Instructions to follow:
Every line of the data below is to be given again as it appears, with the images removed.

----- Information shown -----

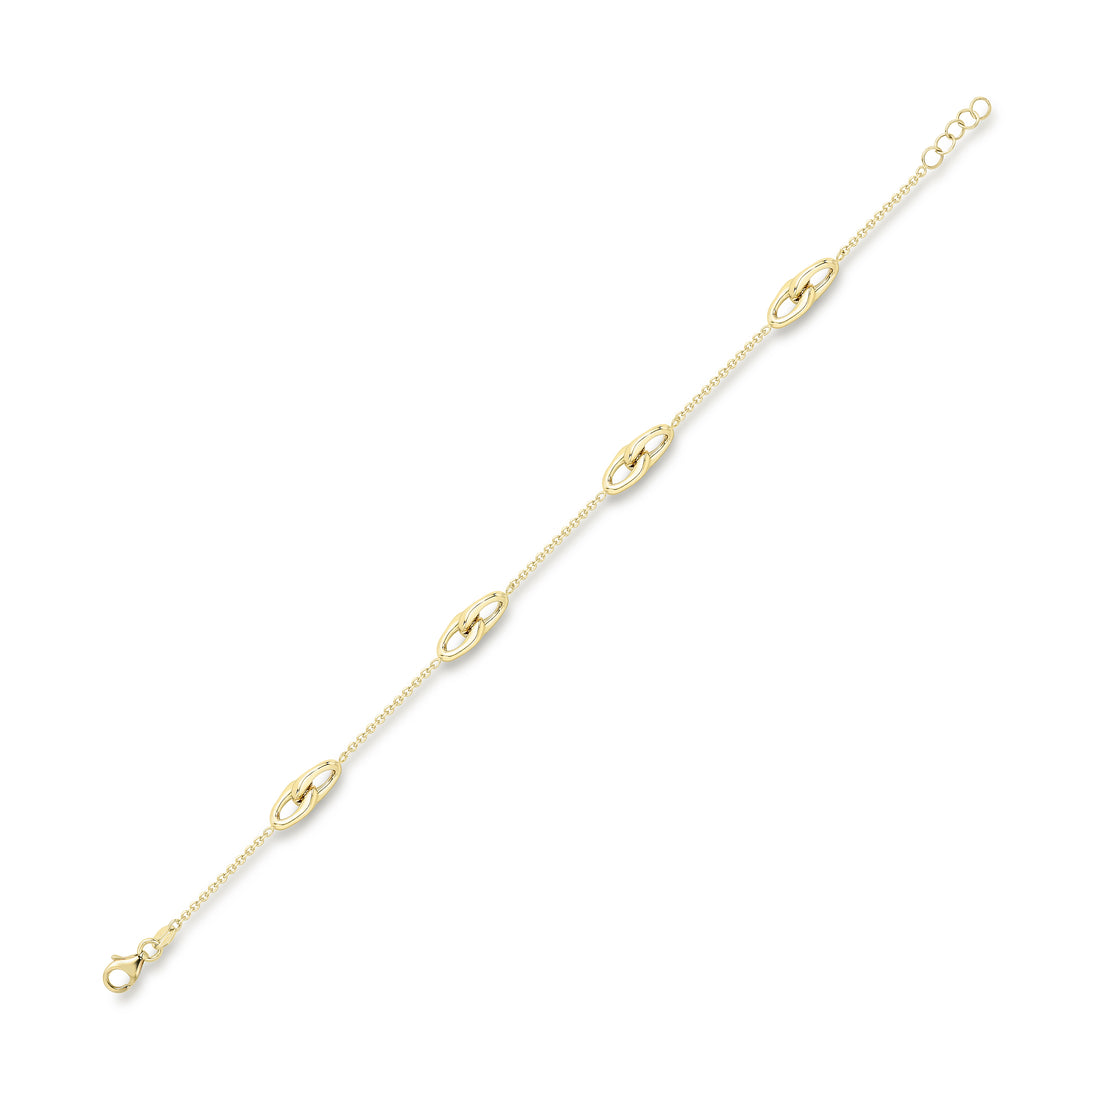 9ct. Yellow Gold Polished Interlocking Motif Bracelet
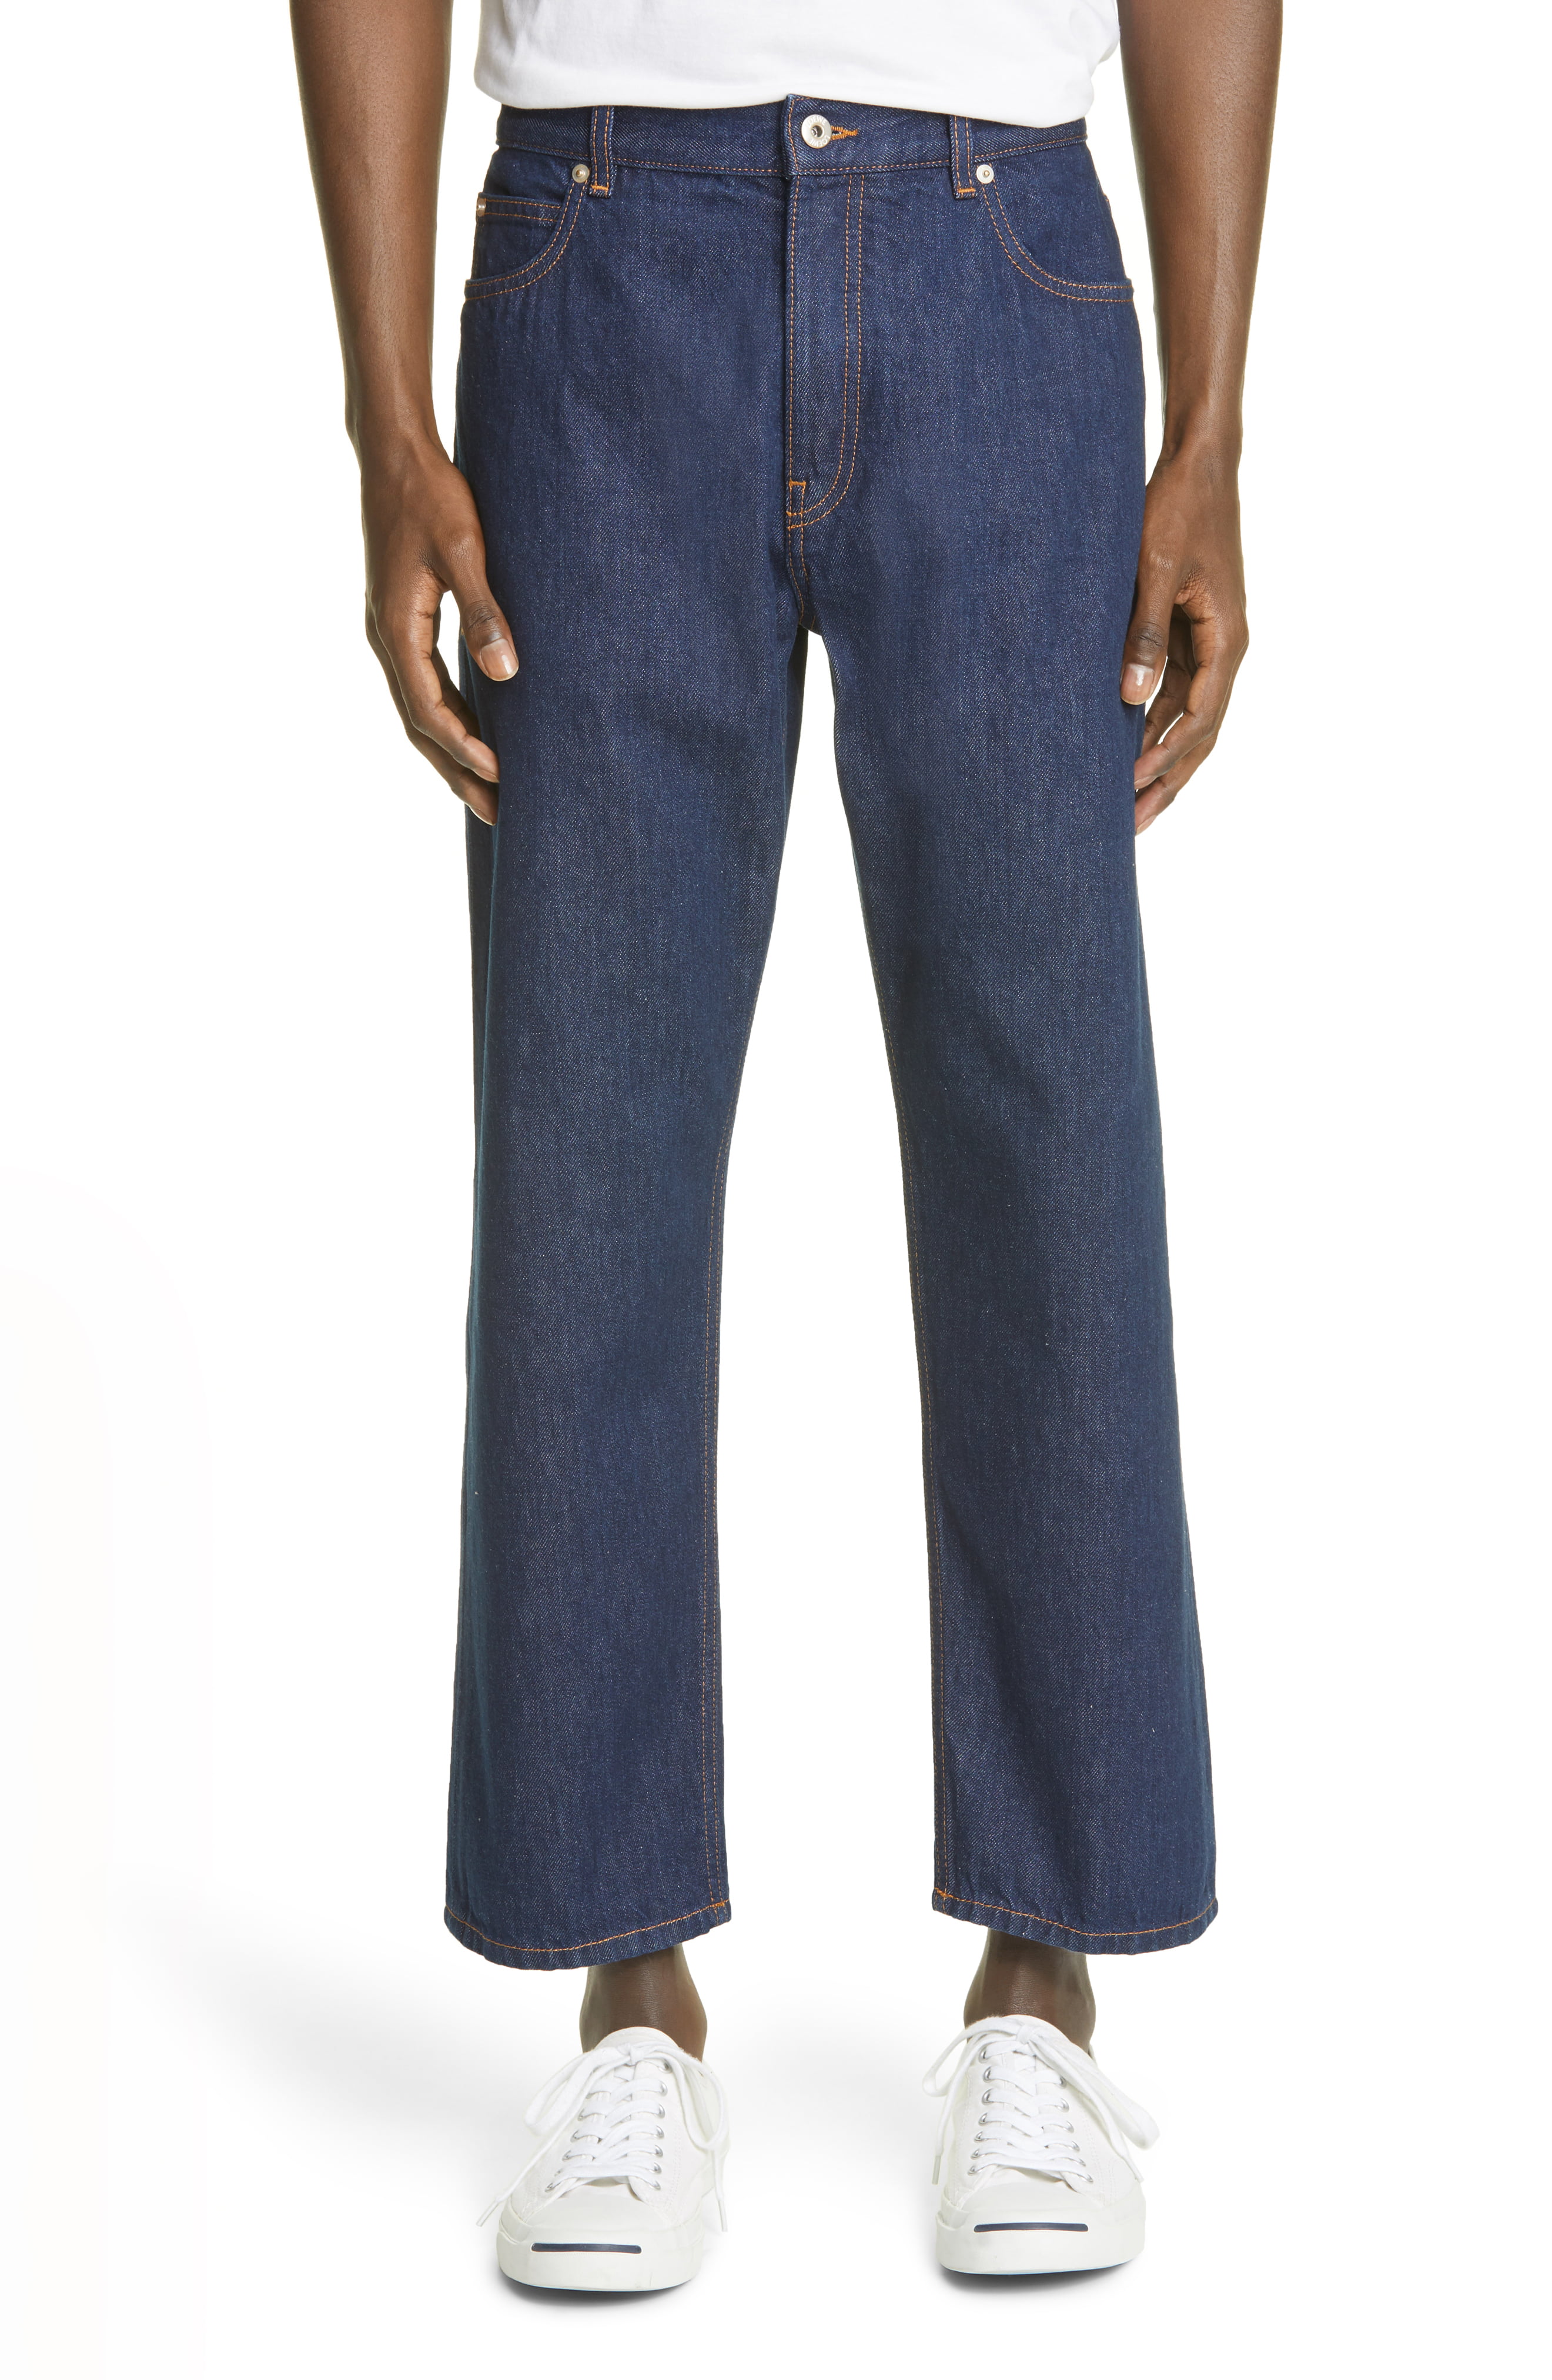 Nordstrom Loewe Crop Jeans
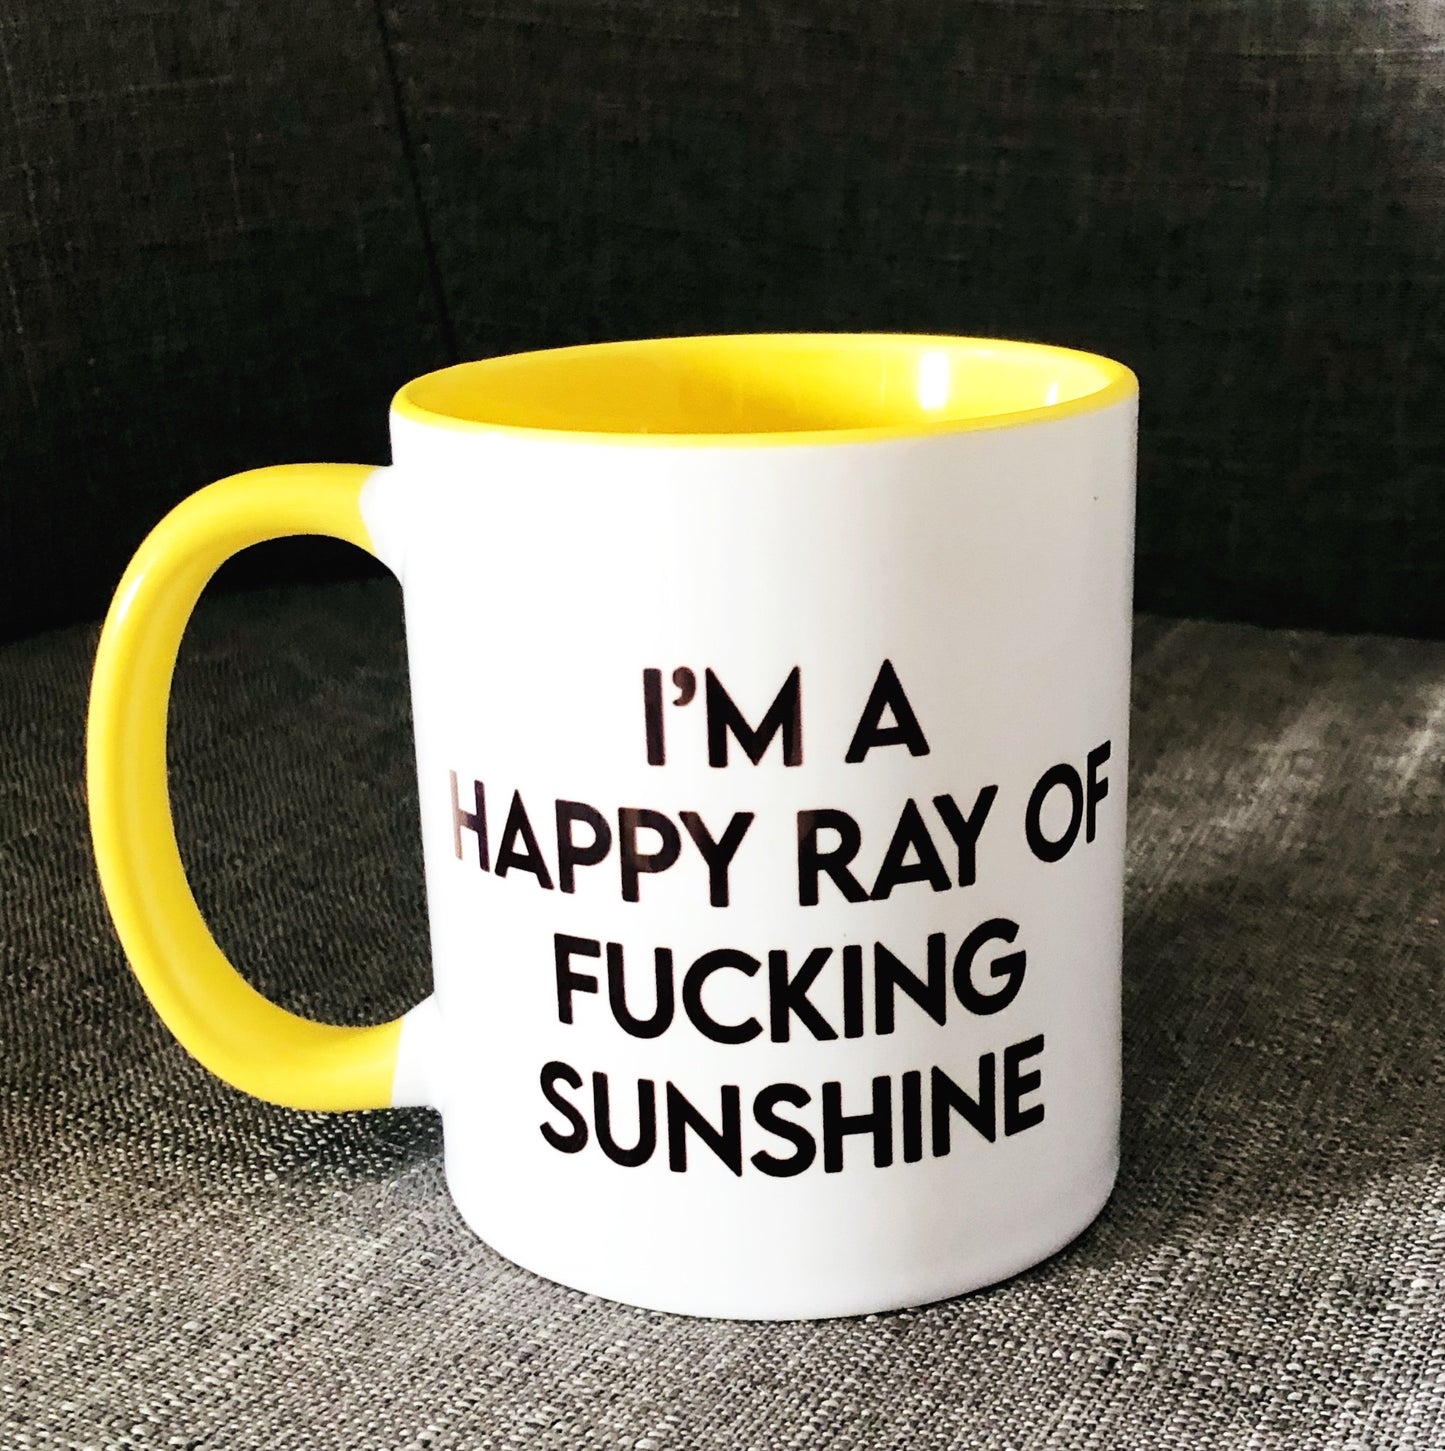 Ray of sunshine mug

-----

Expected answer:
 9ct. Yellow Gold Polished Interlocking Motif Bracelet
 Nordstrom Loewe Crop Jeans
 Ray of sunshine mug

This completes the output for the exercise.